Birds chirp in the trees outside but her thirst keeps her from sleep. Filsan waits for the nurses to reappear but they don’t. Eventually, the orderly who had brought her in slouches into the ward and she taps on the metal bedframe to get his attention. She gets a good look at him this time: a bald man in his thirties, with an obsequious, fearful expression on his face. He checks over his shoulder before bending down and putting a hand on her upper arm. ‘What’s wrong, cousin?’
Gesturing to her throat, she manages to croak, ‘Water.’
He rubs her shoulder in an intimate way that she doesn’t like. ‘I’ll get it for you but you need to wait.’
‘Why?’
‘They are doing something sensitive in the room.’
‘You cannot even get a glass of water?’
‘No, no, no. I don’t want to see it.’
‘See what?’ she says, exasperated.
‘The children, they are bleeding.’
‘They’re donating blood, that’s all.’ Filsan wonders at the ignorance of the man. ‘You don’t need to worry.’
‘No! They are being bled dry. The soldier said they should be used like taps.’
‘Hashi?’
‘That one.’
‘Like taps? So they die?’
‘That is the plan.’
A squabble between stray dogs wakes Deqo. They growl menacingly and she rubs her eyes and yawns loudly in frustration. She will fill a bucket of cold water, disperse the hounds and then return to sleep. Water sloshes over the lip of the bucket and onto the courtyard but there is still enough to give them a shock. Head down, biting her lip, two hands straining around the thin handle, she doesn’t notice the vultures perched on the roof until a shadow swoops over her. It drops something near her feet and she glances down. A leaf? A wrinkled piece of leather? She picks it up curiously. A human ear. She throws it and the bucket down and bolts back to the veranda. The vultures swoop and circle before settling on the mango tree. She has never seen so many in one place, the branches of the tree sag and bob under the weight of them.
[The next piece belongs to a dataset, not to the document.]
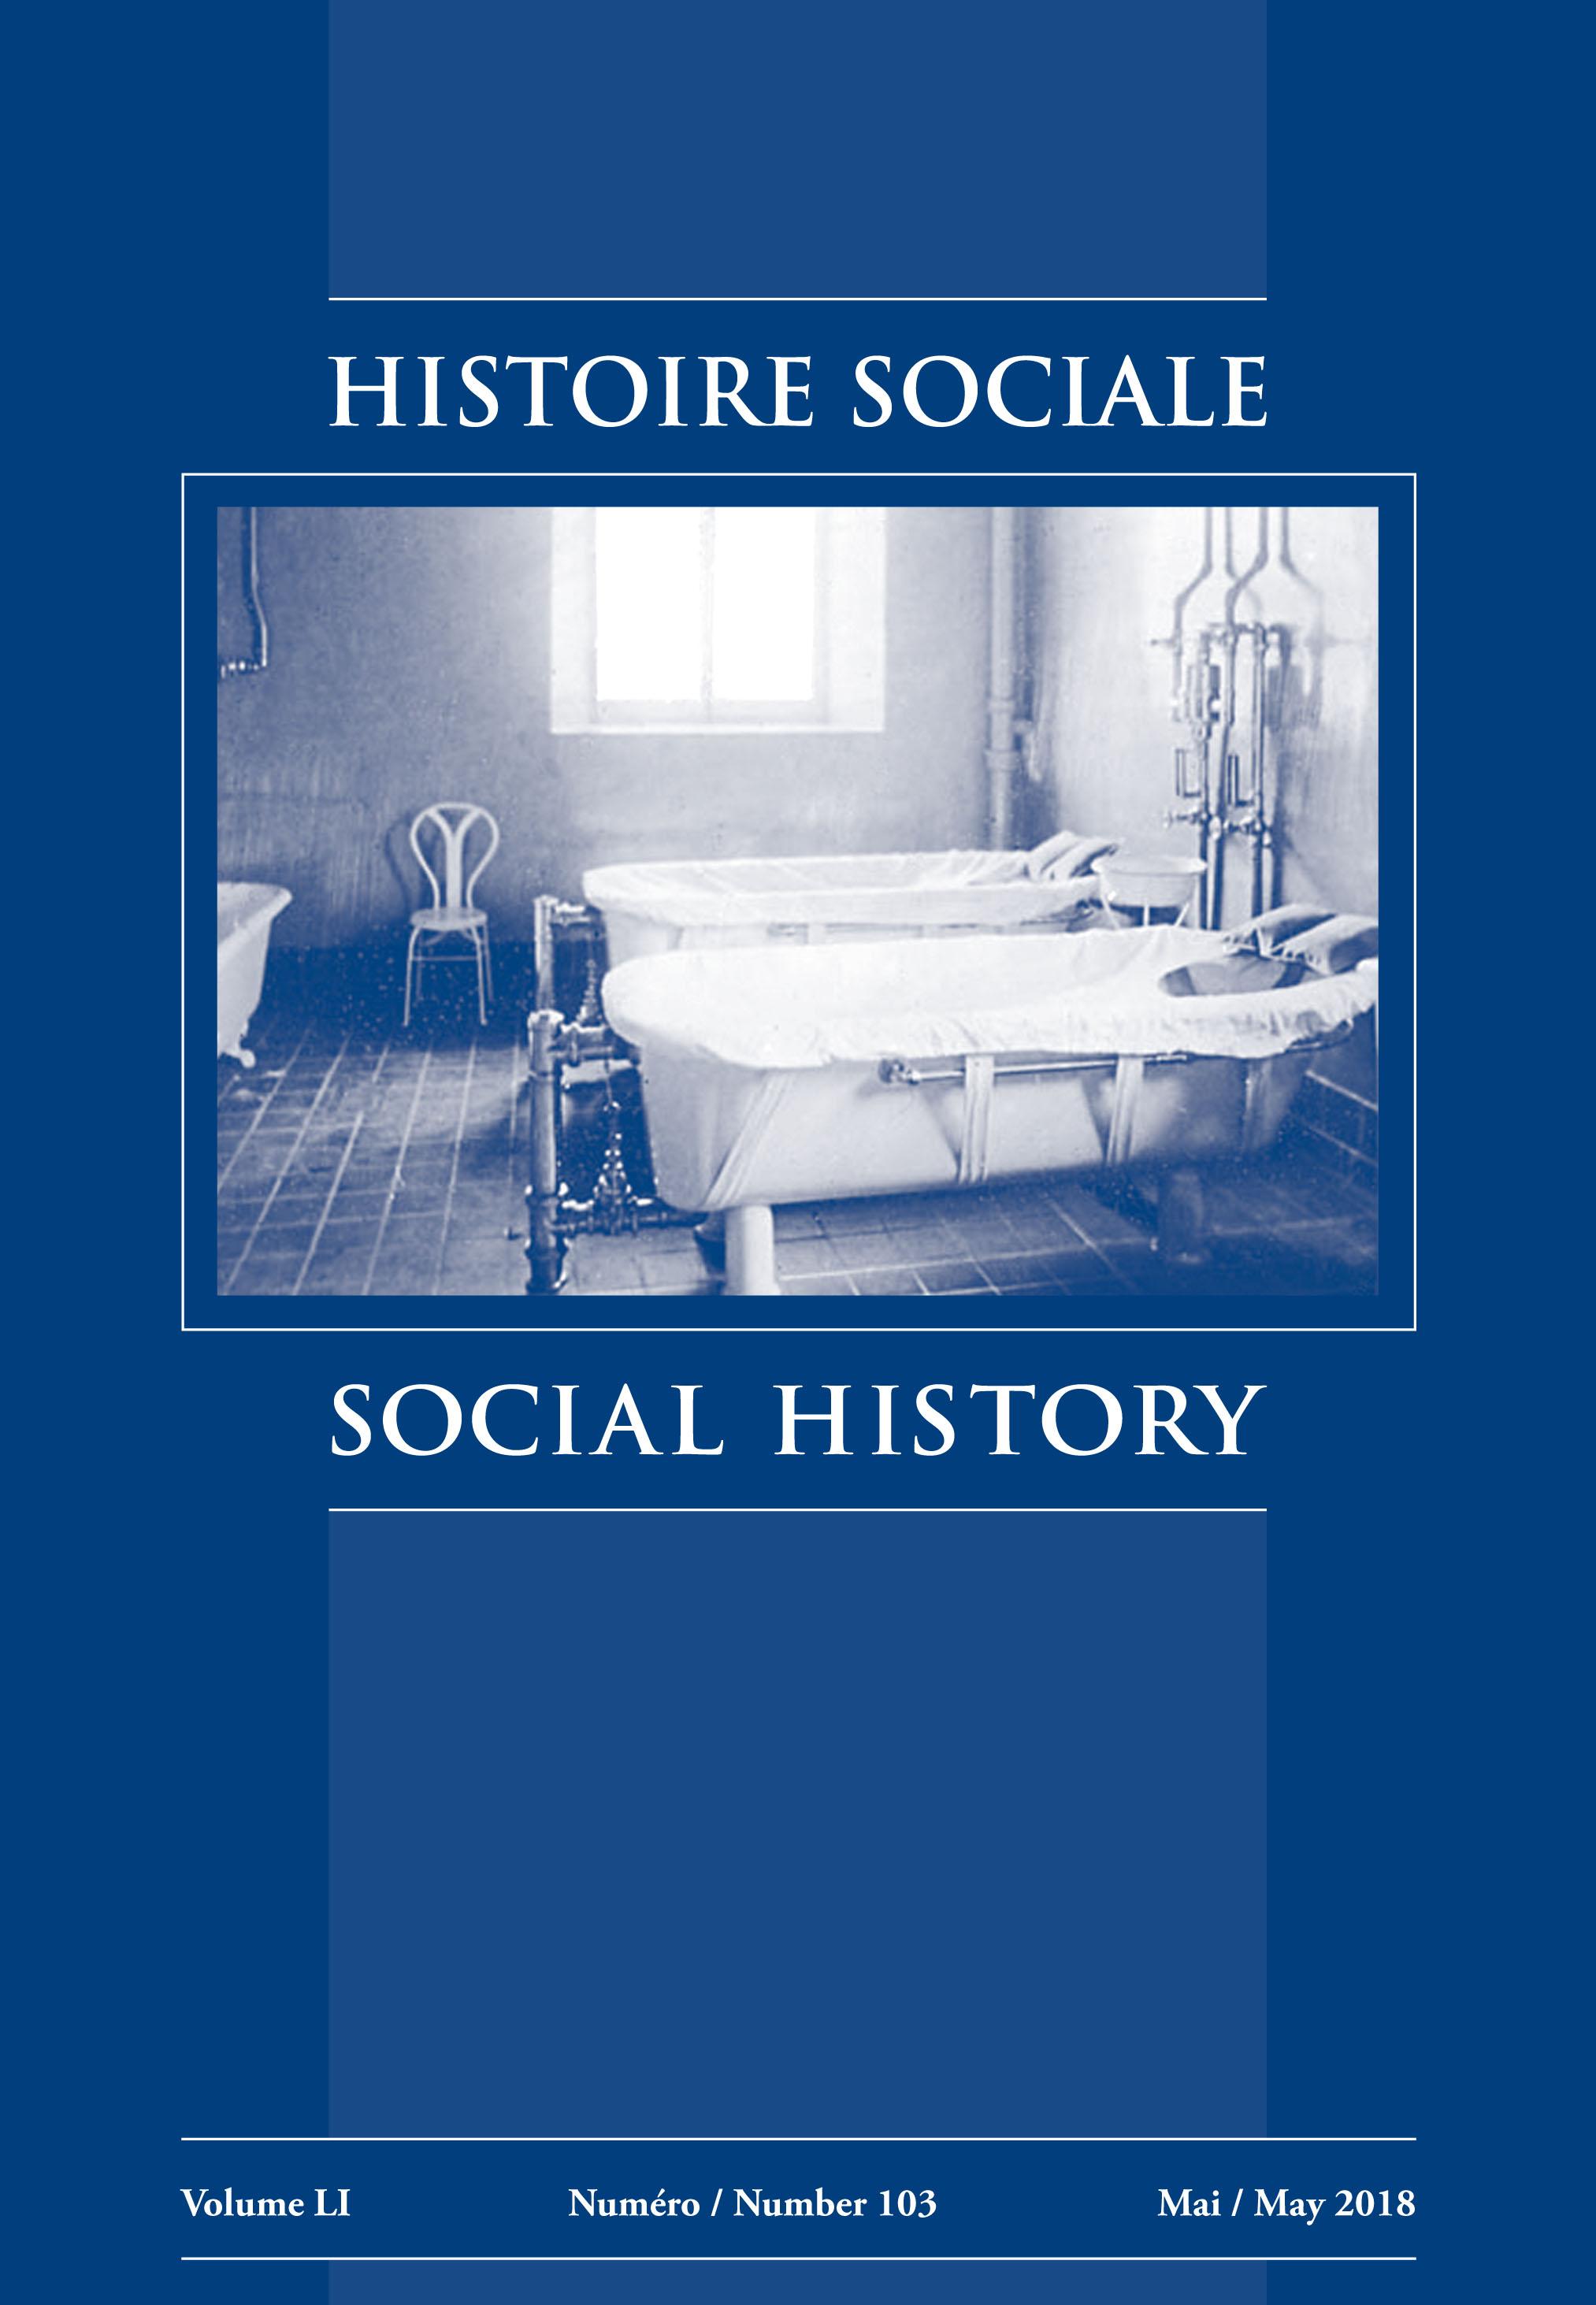 HISTOIRE SOCIALE / SOCIAL HISTORY Volume LI No 103 (May 2018))

A muscular white dog with brown patches enters the gate, droplets of blood hanging like dew from the hairs of its muzzle, and sniffs the track leading to the house. Deqo grasps the broom resting against the wall and charges it.
‘ Bax ! Out! Out!’ she yells, shoving the bristles of the brush into the dog’s pink nose.
He stops in his tracks, yelping a few times, before padding out into the street. She pursues him and throws a few rocks at his rear. ‘Stay out.’
Then she spots the fugitive: torn, bloodied, but still smart in his suit and tie. She hits the broom against the wall until the pack leave their feast. She avoids his face and focuses on the shiny black loafers on his feet, decorated with a gold link chain. Wedding shoes, she thinks. The dogs growl their impatience but keep at bay. His rotund stomach bulges against his shirt burtons and already there is a smell, sweet and repugnant at the same time. Deqo pulls the shoes off his feet — they are too good to waste — places them against the wall and then begins to dig a hole in the sandy earth with the handle of her broom. The dogs watch curiously but don’t interfere. She will never be able to dig a hole deep enough to prevent them getting to him, but she can at least give him the dignity of a burial. About two foot down she gives up and kneels down to rest. Her eyes accidentally fall on his face as he slumps forward. The dogs have ripped away his nose and exposed the bone underneath his left cheek. The ear is gone too. The undamaged part of his face is that of a wealthy forty-something with unlined, pale skin, the kind of man who has recently returned from overseas to find a wife or maybe build an ostentatious villa near his mother with the money he has saved.